Comment 14 Fedora Update System 2022-03-18 17:09:58 UTC
FEDORA-2022-427cfc50f8 has been submitted as an update to Fedora 35. https://bodhi.fedoraproject.org/updates/FEDORA-2022-427cfc50f8

Comment 15 Fedora Update System 2022-03-18 17:11:00 UTC
FEDORA-2022-042d9c6146 has been submitted as an update to Fedora 34. https://bodhi.fedoraproject.org/updates/FEDORA-2022-042d9c6146

Comment 16 Fedora Update System 2022-03-19 19:27:09 UTC
FEDORA-2022-14e36aac0c has been pushed to the Fedora 36 testing repository.
Soon you'll be able to install the update with the following command:
`sudo dnf upgrade --enablerepo=updates-testing --advisory=FEDORA-2022-14e36aac0c`
You can provide feedback for this update here: https://bodhi.fedoraproject.org/updates/FEDORA-2022-14e36aac0c

See also https://fedoraproject.org/wiki/QA:Updates_Testing for more information on how to test updates.

Comment 17 Fedora Update System 2022-03-19 22:54:50 UTC
FEDORA-2022-042d9c6146 has been pushed to the Fedora 34 testing repository.
Soon you'll be able to install the update with the following command:
`sudo dnf upgrade --enablerepo=updates-testing --advisory=FEDORA-2022-042d9c6146`
You can provide feedback for this update here: https://bodhi.fedoraproject.org/updates/FEDORA-2022-042d9c6146

See also https://fedoraproject.org/wiki/QA:Updates_Testing for more information on how to test updates.

Comment 18 Fedora Update System 2022-03-19 23:16:42 UTC
FEDORA-2022-427cfc50f8 has been pushed to the Fedora 35 testing repository.
Soon you'll be able to install the update with the following command:
`sudo dnf upgrade --enablerepo=updates-testing --advisory=FEDORA-2022-427cfc50f8`
You can provide feedback for this update here: https://bodhi.fedoraproject.org/updates/FEDORA-2022-427cfc50f8

See also https://fedoraproject.org/wiki/QA:Updates_Testing for more information on how to test updates.

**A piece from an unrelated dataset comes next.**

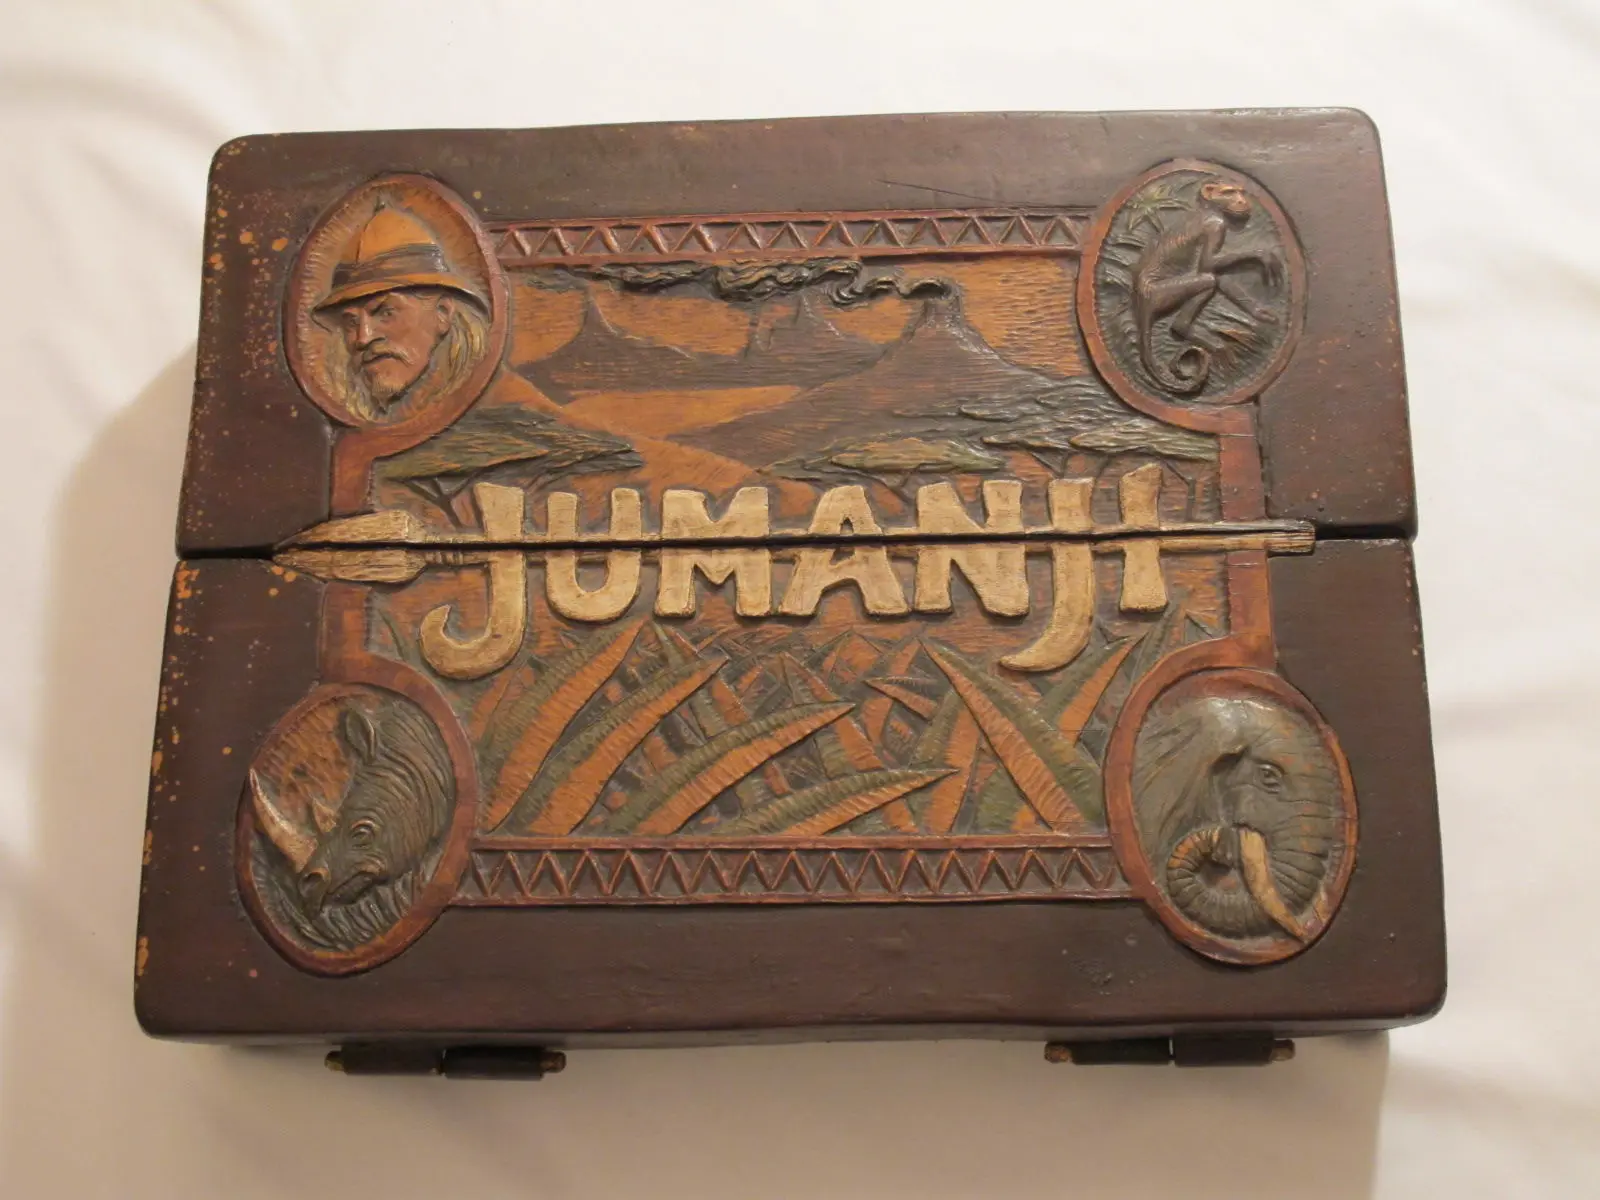 Un exemplaire du jeu Jumanji utilisé dans le film mis en vente

Comment 19 Fedora Update System 2022-03-22 03:42:24 UTC
FEDORA-2022-427cfc50f8 has been pushed to the Fedora 35 stable repository.
If problem still persists, please make note of it in this bug report.

Comment 20 Fedora Update System 2022-03-26 15:25:20 UTC
FEDORA-2022-14e36aac0c has been pushed to the Fedora 36 stable repository.
If problem still persists, please make note of it in this bug report.

Comment 21 Fedora Update System 2022-03-27 01:40:29 UTC
FEDORA-2022-042d9c6146 has been pushed to the Fedora 34 stable repository.
If problem still persists, please make note of it in this bug report.